Sports offer a way for people to clap back at Father Time. Not by playing Jai’alai until we’re 90 (seems dangerous) but by praying for the pelota to arrive in whatever sport we’re cheering a team in. Each summer, it feels like the next Friday Night Lights season just WON’T EVER GET HERE. The passing of time can cause human beings to feel melancholy, morose, or even Midlife Critical. Dammit, though, what a feeling to know time’s inexorable tick means that the football year ALWAYS comes back again.

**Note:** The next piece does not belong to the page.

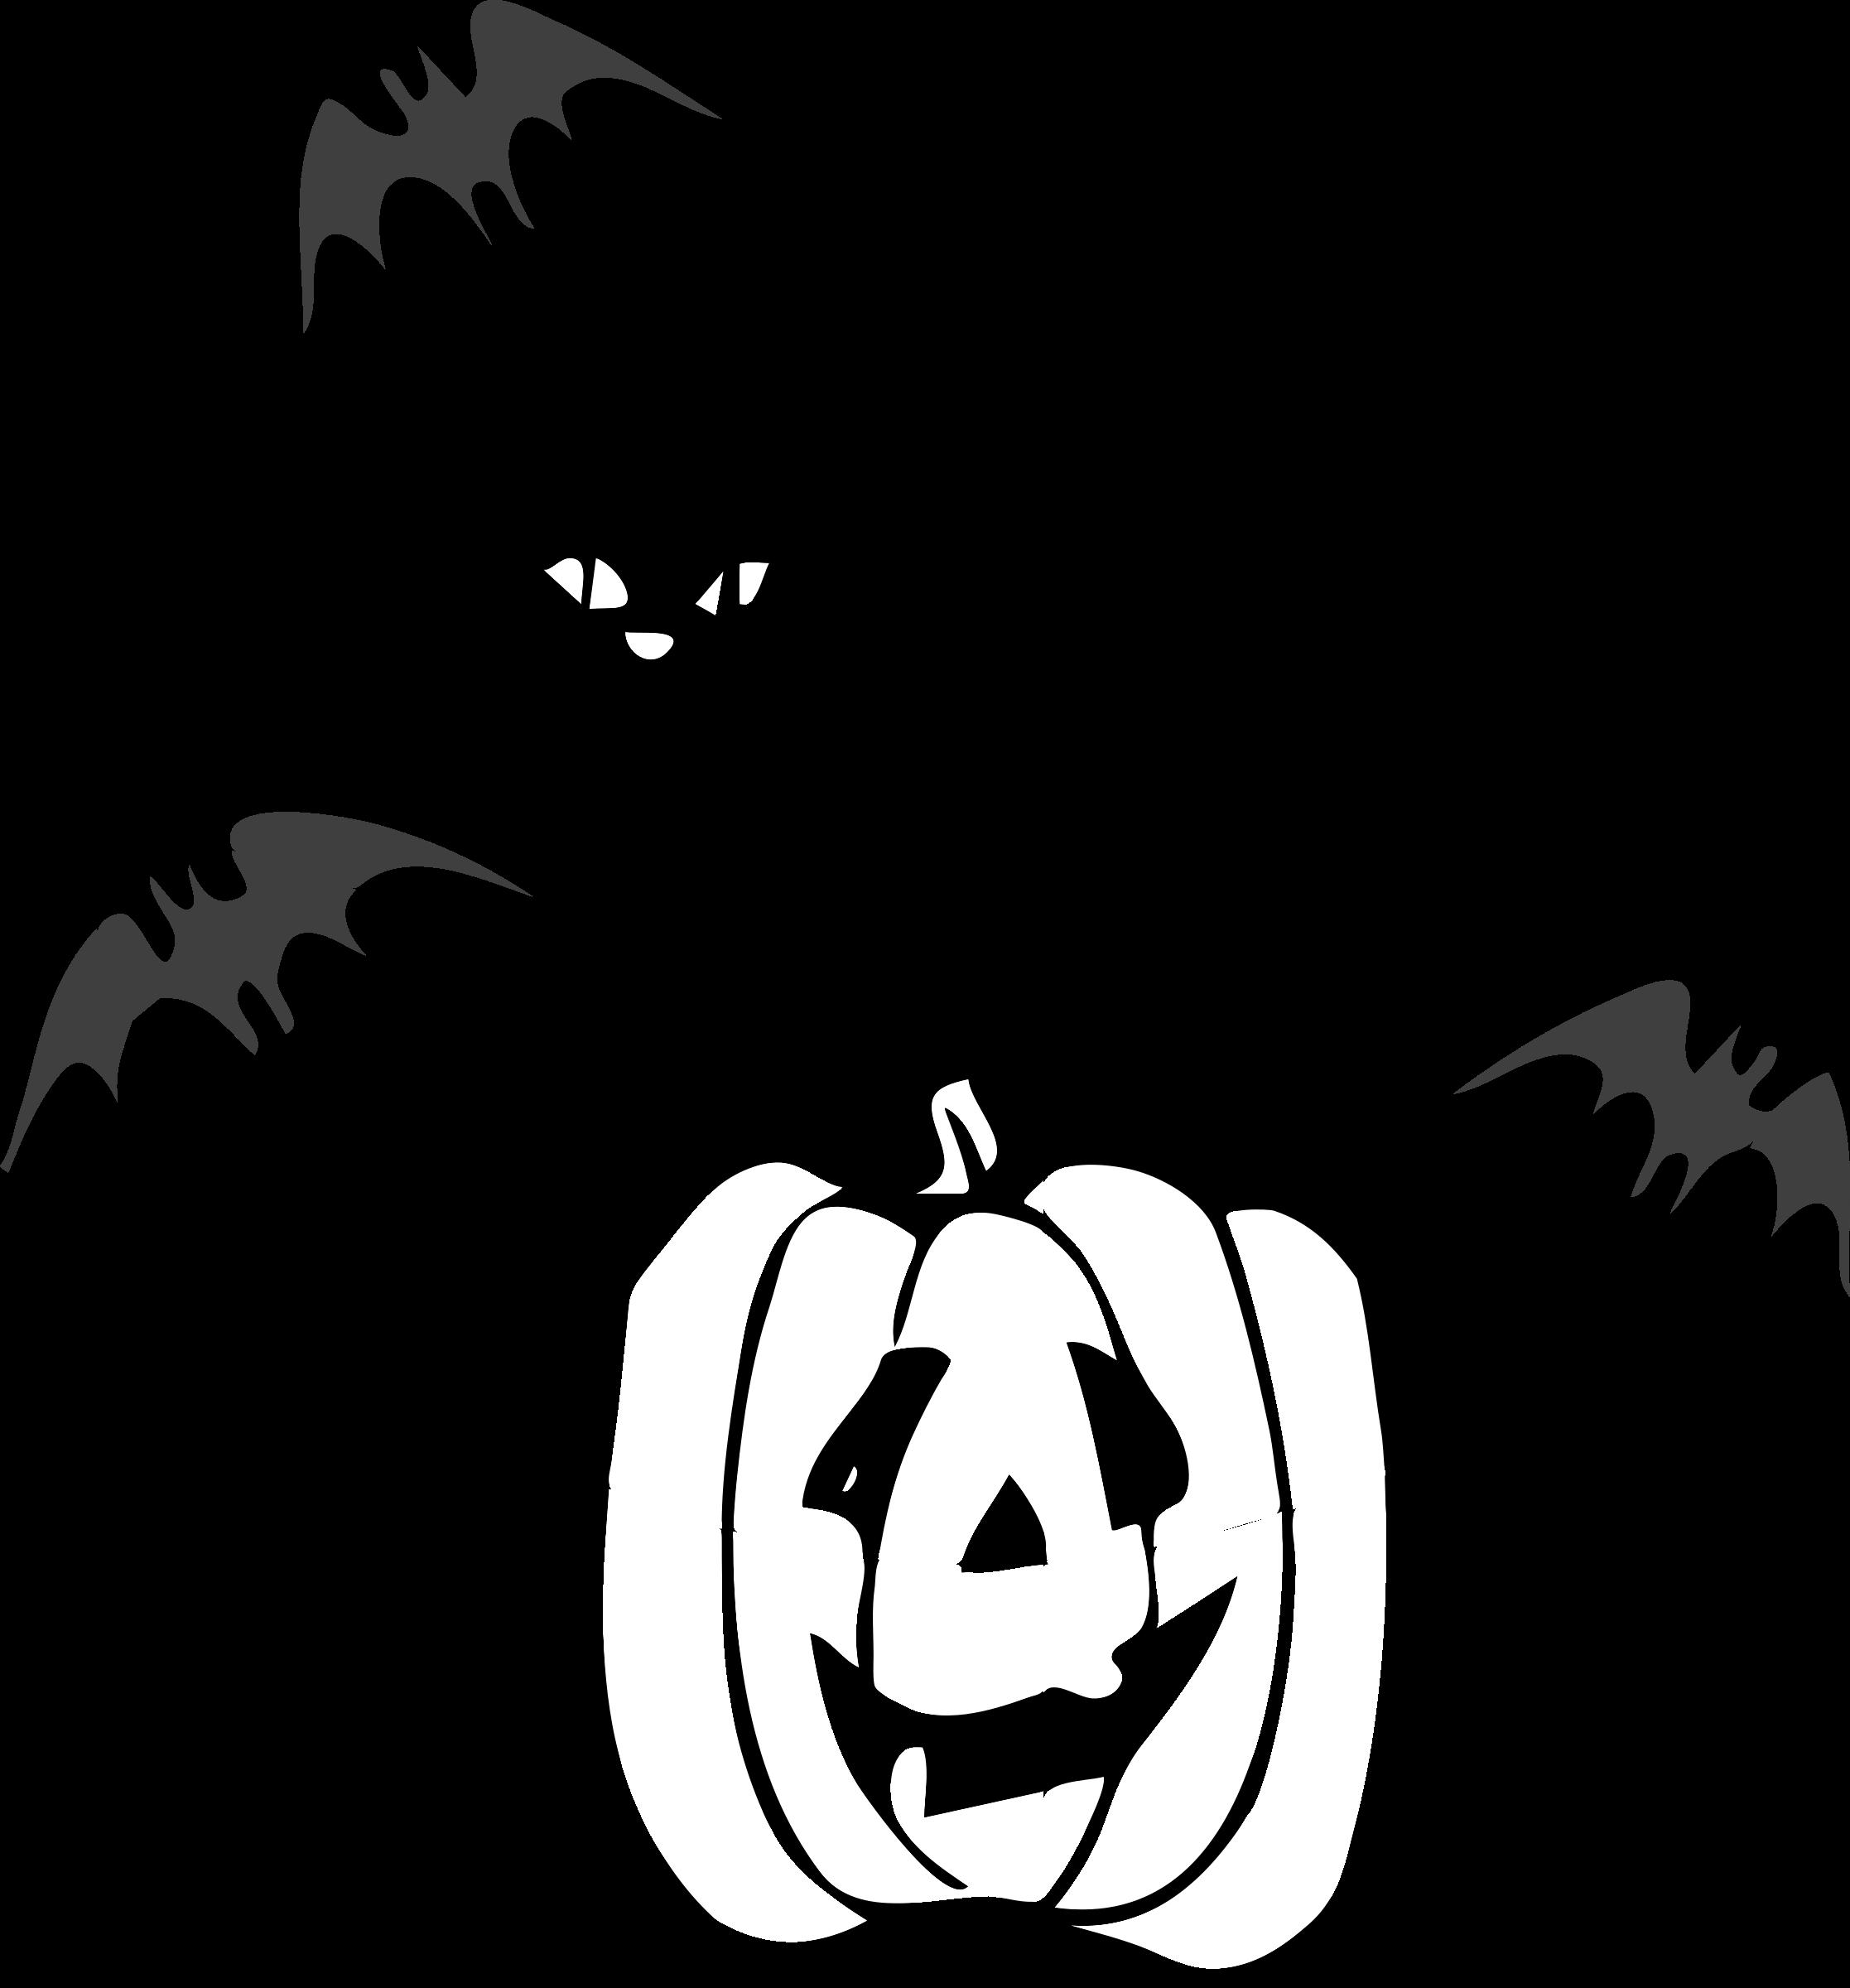 Halloween Cat Png Halloween Black Cat Clipart.

A revival team’s “growing pains” can produce a paradox of the same kind. We wish for a lineup’s breakthroughs to come in the shining sun of victory, with the struggling QB throwing a long touchdown to secure the W, like at Florida State on Saturday, or a previously poor defense grabbing a fumble-and-return to change a loss into a win, like the Bayless Bronchos at Crystal City last weekend…though The Geek was wishing for Crystal City to win the latter game. Often, a High School program’s actual watershed comes in defeat, such as when CCHS finally looked like a lively underdog vs Kelly in a tight 2021 loss that MSHSAA’s community shrugged at. Northwest had its second “heartbreaking” loss in a row to WGHS on Friday, but it ain’t a heartbreaker. Northwest desperately needed a turn-around on offense in ’24, and while it comes at the expense of a 2-2 record, IT’S HAPPENING!

It comes at the expense of a crisis for Cedar Hill’s defense, too, but no one said making progress is cheap. Friday’s bummer was that the Varsity Lions, having just handed Brody Kube his first shaky passing-game performance of 2024 for Seckman, could not stop Webster’s passing attack following a tight opening 12:00. The next 2 quarters of action became the Will Travers show, as the Statesmen caught all but 3 of Travers’ 27 throws to manufacture a “Pat Mahomes against Carolina” stat line of 24-27-5-0. It offends pigskin’s practical logic and morals that Northwest would be caught with so many WRs open following a scrum in which Seckman’s play-action fakes did way more to freeze Cedar Hill’s linebackers than Webster Groves’ puny run-game could ever be responsible for. Webster Groves rushed for less than 4 yards-per-carry again, but Travers’ arm couldn’t be contained until late in the 2nd half.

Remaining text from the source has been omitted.